2,aa,AA-1733-ORD-PHX,7:45 p.m.,7:58 p.m.,10:30 p.m.,
3,aa,AA-1640-MIA-MCO,6:30 p.m.,,7:25 p.m.,
4,aa,AA-518-MIA-JFK,6:40 a.m.,6:54 a.m.,9:25 a.m.,9:28 a.m.
5,aa,AA-3756-ORD-SLC,12:15 p.m.,12:41 p.m.,2:45 p.m.,2:50 p.m.
6,aa,AA-204-LAX-MCO,11:25 p.m.,,12/02/2011 6:55 a.m.,
7,aa,AA-3468-CVG-MIA,7:00 a.m.,7:25 a.m.,9:55 a.m.,9:45 a.m.
8,aa,AA-484-DFW-MIA,4:15 p.m.,4:29 p.m.,7:55 p.m.,7:39 p.m.
9,aa,AA-446-DFW-PHL,11:50 a.m.,12:12 p.m.,3:50 p.m.,4:09 p.m.

It is okay if the CSV file has columns that don't correspond to queries (like tuple_id in this example), but currently we don't support schemas with queries that don't appear as columns.

Finally, the output of pclean is in the same format as hirm. If we look at it

$ head /tmp/flights.out
3 Time:time src
4 TrackingWebsite:name
6 Flight:flight_id
9 sched_dep_time
10 act_dep_time flight act_arr_time
12 sched_arr_time

we can see that it clustered the relations into six clusters. If we look at the cluster named 10 in the output file:

irm=10
TrackingWebsite 1 1 3 6 7 8
TrackingWebsite 2 0 2 4 5
Obs 1 0 1 3 4 5 6 7 8
Obs 2 2
Flight 0 0 2 3 4 6 7 8
Flight 1 1 5
Time 0 0 1 2 3 4 5 6 7 8

we can see that it clustered the underlying entities into three clusters (named 0, 1, and 2). All of the rows of the CSV file (which correspond to the Obs domain, because of the from Obs in the schema) were put into cluster 1 except for the line

3,aa,AA-1640-MIA-MCO,6:30 p.m.,,7:25 p.m.,

which was put into cluster 2, probably because it was missing two fields.

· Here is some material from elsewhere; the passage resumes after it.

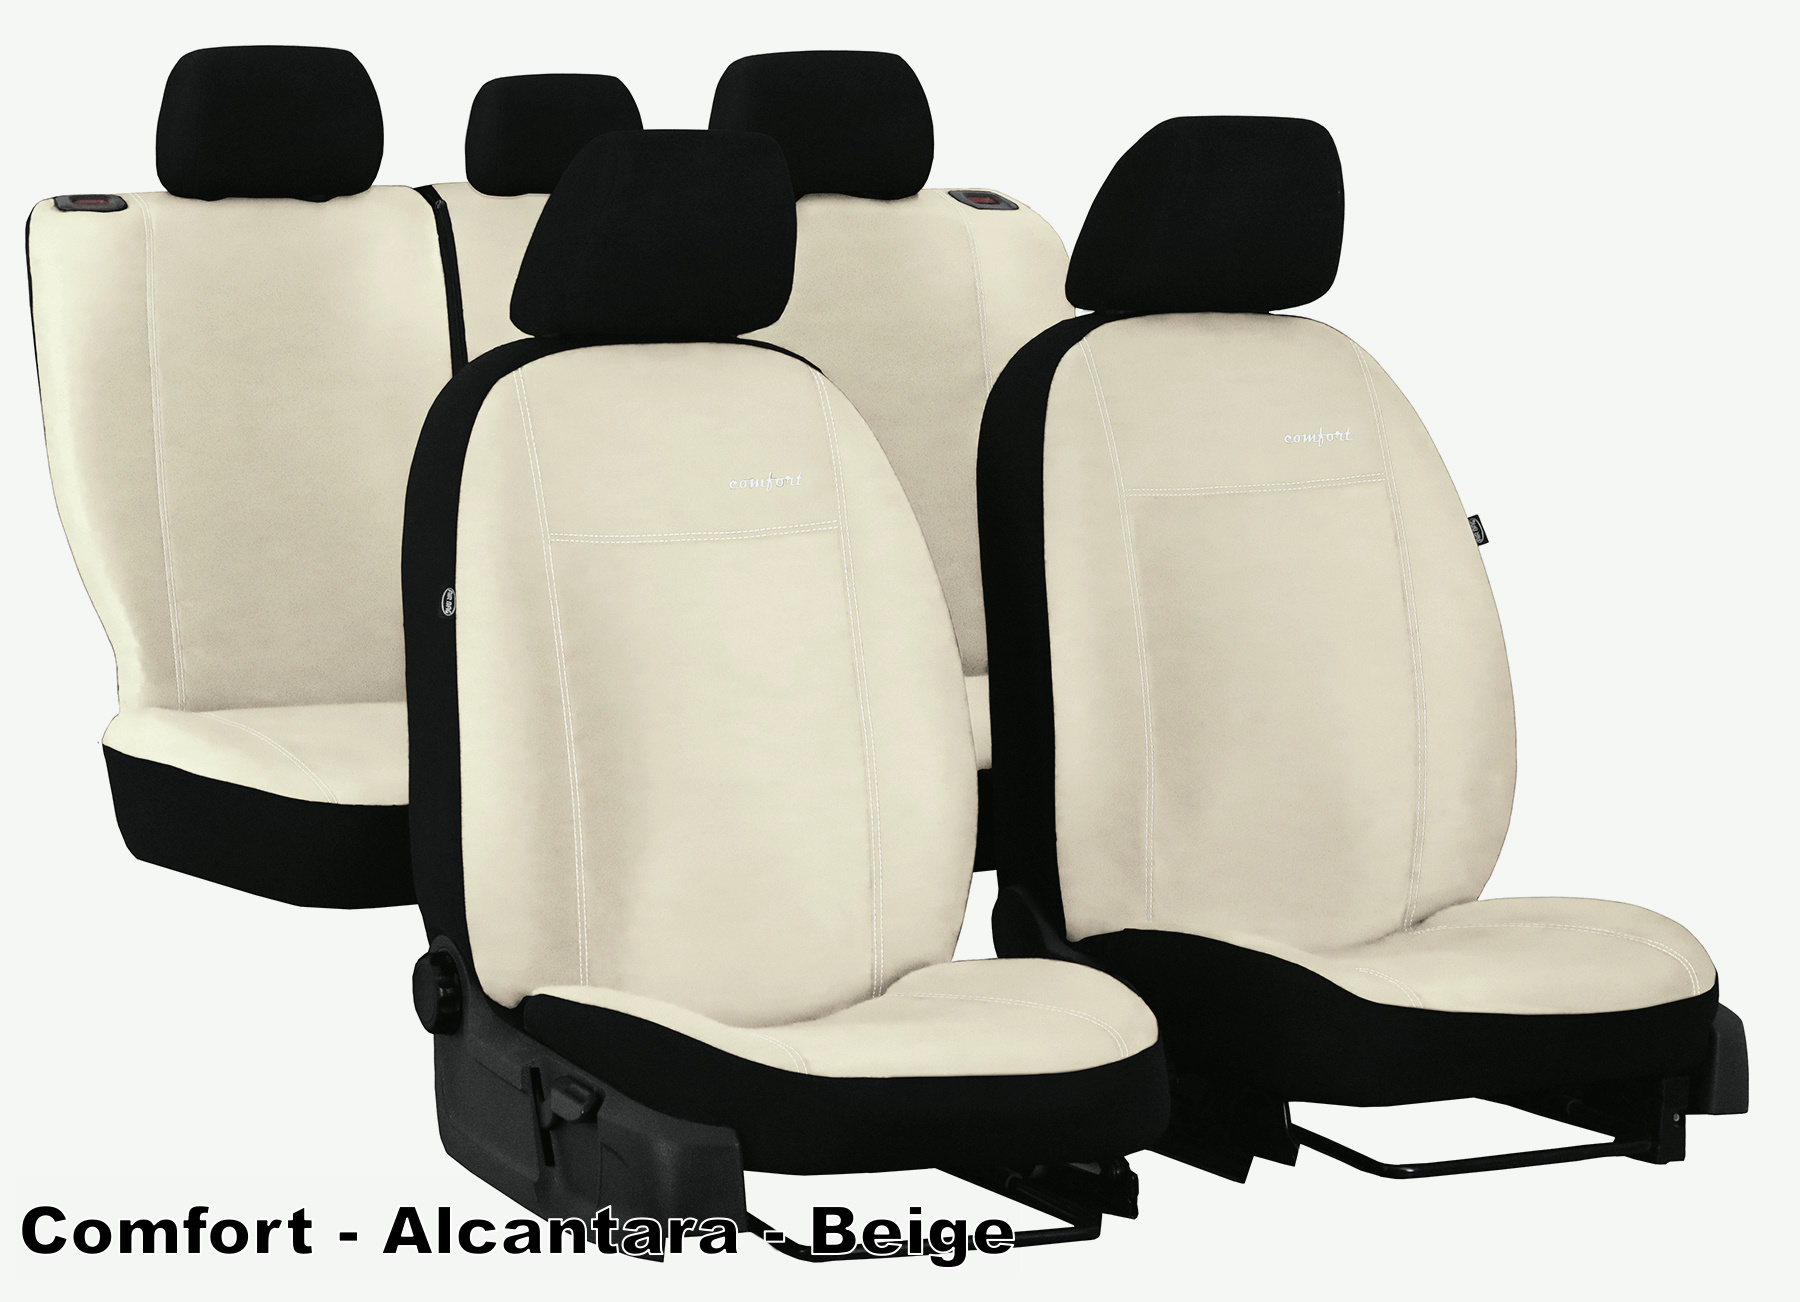 Passend für Seat Alhambra II 7 Sitze 2010-2023 Maß Sitzbezüge Kunstleder  schwarz

All of the flights were put into cluster 0, except for "AA-1733-ORD-PHX" and "AA-204-LAX-MCO", which were put into cluster 1.

Run ./bazel-bin/pclean/pclean --help for more information about the other options that it supports.

License

Copyright (c) 2024

Licensed under the Apache License, Version 2.0 (the "License"); you may not use this file except in compliance with the License. You may obtain a copy of the License at

http://www.apache.org/licenses/LICENSE-2.0

Unless required by applicable law or agreed to in writing, software distributed under the License is distributed on an "AS IS" BASIS, WITHOUT WARRANTIES OR CONDITIONS OF ANY KIND, either express or implied. See the License for the specific language governing permissions and limitations under the License.